Thursday night you have a little bit too much to drink. Some wine. Several beers. Rum in a hot cup of tea. Then you remember something Nietzsche said about thoughts of suicide getting many through a dark night. This week you’ve made it three and a half days but it isn’t the weekend yet. You aren’t sure if N is right, but you know you can’t drink the antifreeze.

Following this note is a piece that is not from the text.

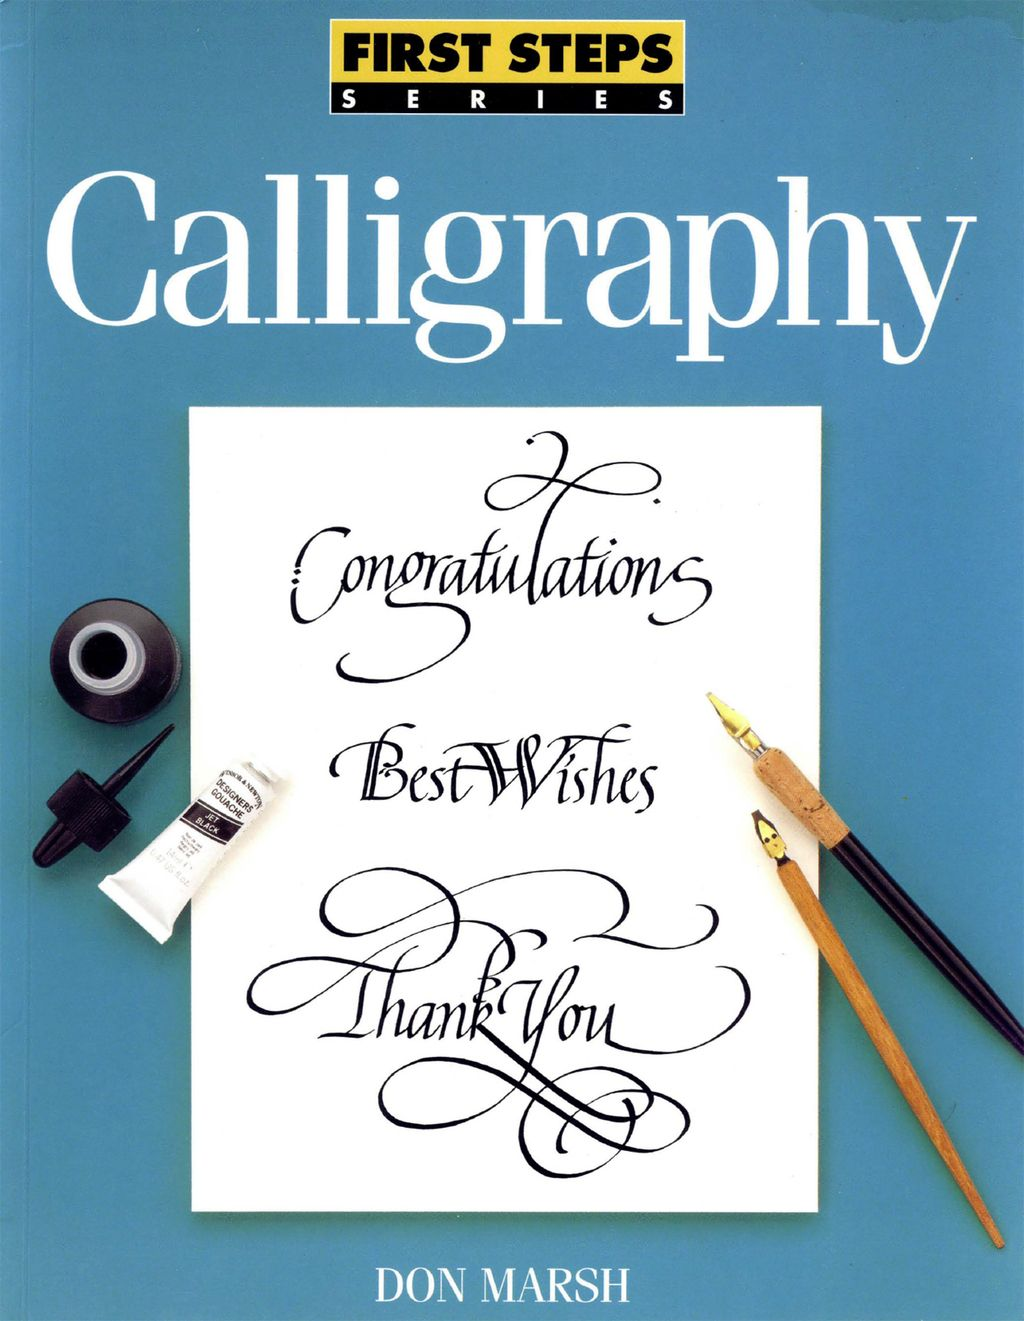 Calligraphy Ebook

Friday you go out for groceries and consider high speed, a curve, a tree, or maybe that bridge over there. But you probably wouldn’t even be successful and then what a mess you’d make. No one would be there to clean it up. And the kids. Who would make them breakfast?

Saturday, you roll over to turn off the alarm but there isn’t one. A blessing. Shortly thereafter there are kids on top of you, climbing over you, giggling, offering to get you coffee, begging for eggs and bacon, and so you make your way to the kitchen.

When the grease in the bacon pan begins to sizzle, you don’t imagine dousing yourself in it or starting a grease fire. Instead you serve up breakfast and sip your coffee admiring the life you have created, the one still in the making.

 

Deirdre Fagan (to read more of Deirdre’s work–and I encourage you to do so–visit her site: deirdrefagan.com. Gratitude to Deirdre for allowing us to share her beautiful poem here with you.)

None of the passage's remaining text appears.